# DeepLabV3+ for Stone Segmentation

This notebook demonstrates how to implement and train a **DeepLabV3+** model for stone segmentation. The workflow is similar to our SegNet implementation and includes:

1. Importing dependencies
2. Loading and splitting the augmented dataset
3. Creating a custom data generator
4. Defining the DeepLabV3+ model using a MobileNetV2 backbone
5. Compiling and training the model
6. Visualizing training curves and sample predictions
7. Saving the trained model and predicted masks
8. Evaluating model performance using IoU and Dice Coefficient metrics

The notebook is saved as `deeplabv3plus_chambord.ipynb` and assumes the dataset is organized as:
  - Images: `../data/augmented/images`
  - Masks:  `../data/augmented/masks`


In [1]:
# Install TensorFlow if needed
# !pip install tensorflow

import os
import numpy as np
import matplotlib.pyplot as plt
import tensorflow as tf
from tensorflow.keras import layers, models
from tensorflow.keras.preprocessing.image import load_img, img_to_array
from sklearn.model_selection import train_test_split

print("TensorFlow version:", tf.__version__)
print("Keras version:", tf.keras.__version__)
print("scikit-learn version:", tf.__version__)

TensorFlow version: 2.16.2
Keras version: 3.9.0
scikit-learn version: 2.16.2


## Hyperparameters and Paths

In [None]:
# Define directories for images and masks
IMAGES_DIR = "../data/augmented/images"
MASKS_DIR = "../data/augmented/masks"

# Image details
IMAGE_HEIGHT = 256
IMAGE_WIDTH = 256
NUM_CLASSES = 2  # Binary segmentation: background and stones

# Training parameters
BATCH_SIZE = 4
EPOCHS = 100
VAL_SPLIT = 0.2  # 20% for validation

# For reproducibility
SEED = 42
np.random.seed(SEED)
tf.random.set_seed(SEED)

## 1. Loading and Splitting the Dataset

- The `images` folder contains the input images.
- The `masks` folder contains corresponding masks (with matching filenames).

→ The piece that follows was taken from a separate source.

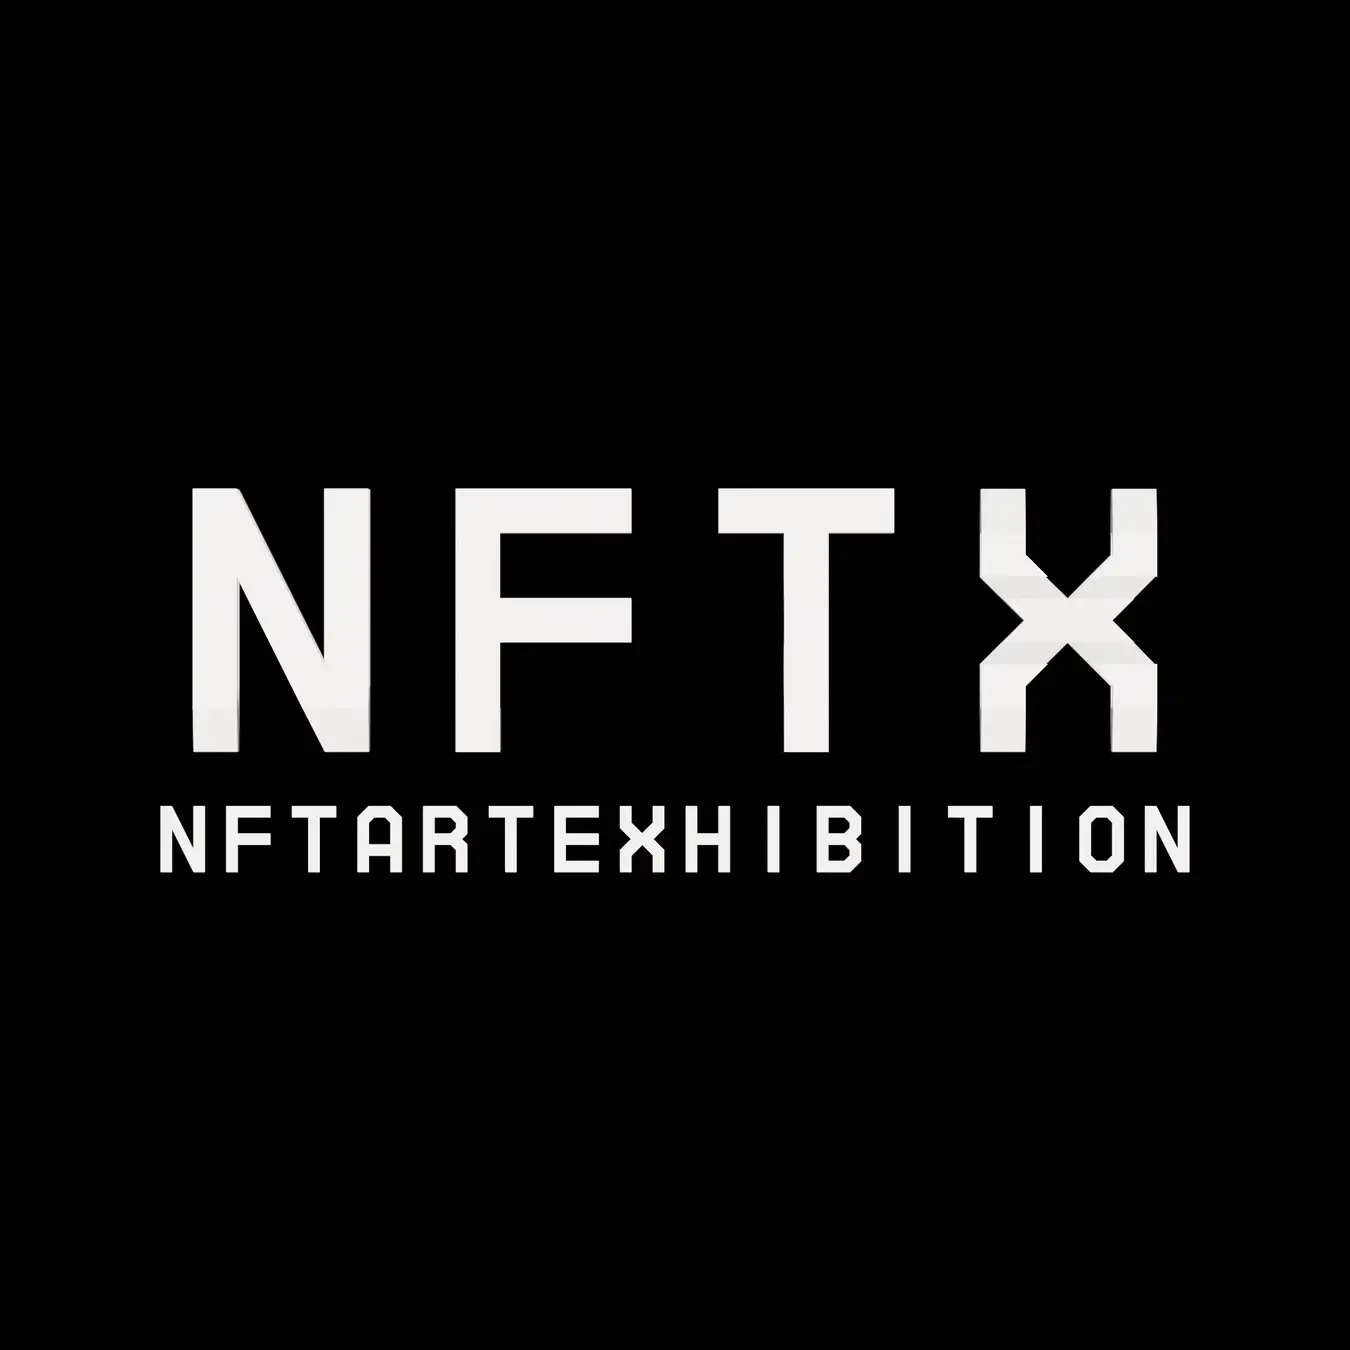 NFT出品代⾏サービス「CryptolessNFT」、NFTクリエイター向けプレスリリース代行サービスを割引価格で提供開始。年末までの期間限定で最大10,000円お得に利用可能に。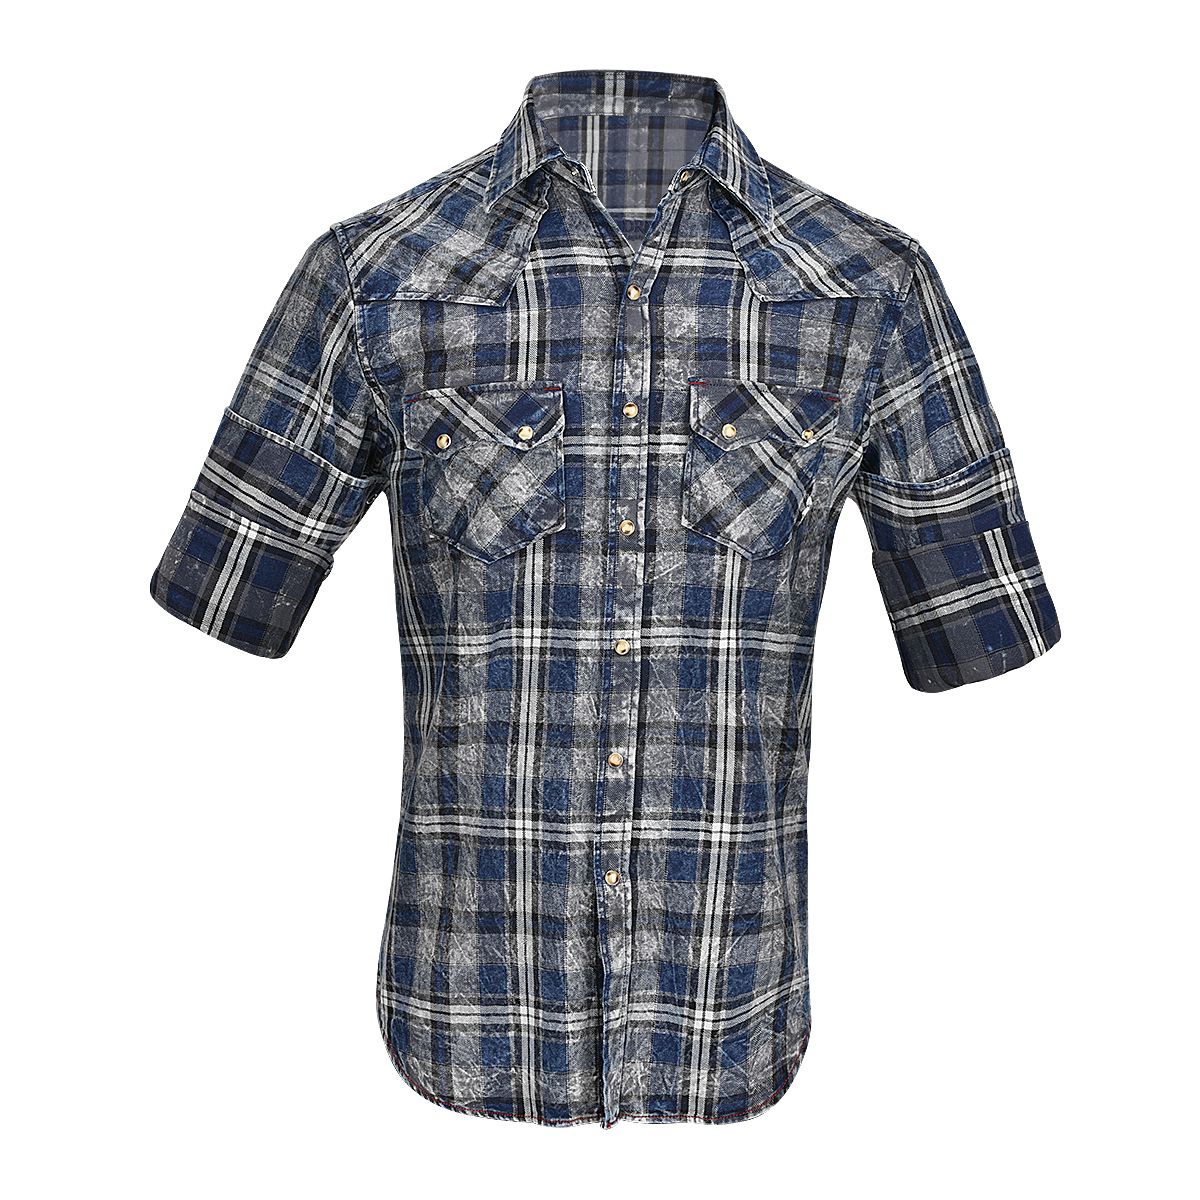 CMRJ455 - Cuadra navy cowboy fashion cotton shirt for men-Kuet.us

We load the filenames, build the full paths, and split the data into training and validation sets.

In [None]:
def load_image(image_path, target_size=(256, 256), grayscale=False):
    """
    Loads an image from disk, resizes it, and converts it to an array.
    """
    img = load_img(image_path, target_size=target_size, color_mode='grayscale' if grayscale else 'rgb')
    return img_to_array(img)

image_filenames = sorted(os.listdir(IMAGES_DIR))

# Build full paths
image_paths = [os.path.join(IMAGES_DIR, f) for f in image_filenames]
mask_paths = [os.path.join(MASKS_DIR, f) for f in image_filenames]  # assume same filenames

print("Total images found:", len(image_paths))

### Train/Validation Split

In [None]:
train_images, val_images, train_masks, val_masks = train_test_split(
    image_paths, mask_paths, test_size=VAL_SPLIT, random_state=SEED
)

print("Training set size:", len(train_images))
print("Validation set size:", len(val_images))

## 2. Data Generator

We define a custom generator that yields batches of images and masks. Note that for binary segmentation, we invert the mask (i.e., if the original masks have stones as black and joints as white, we flip that so that stones become white).

In [None]:
def data_generator(image_paths, mask_paths, batch_size, num_classes, input_size=(256,256)):
    """
    Yields batches of (images, masks) for training/validation.
    """
    while True:
        indices = np.arange(len(image_paths))
        np.random.shuffle(indices)

        for start in range(0, len(indices), batch_size):
            end = min(start + batch_size, len(indices))
            batch_indices = indices[start:end]

            images = []
            masks = []

            for i in batch_indices:
                img = load_image(image_paths[i], target_size=input_size, grayscale=False)
                mask = load_image(mask_paths[i], target_size=input_size, grayscale=True)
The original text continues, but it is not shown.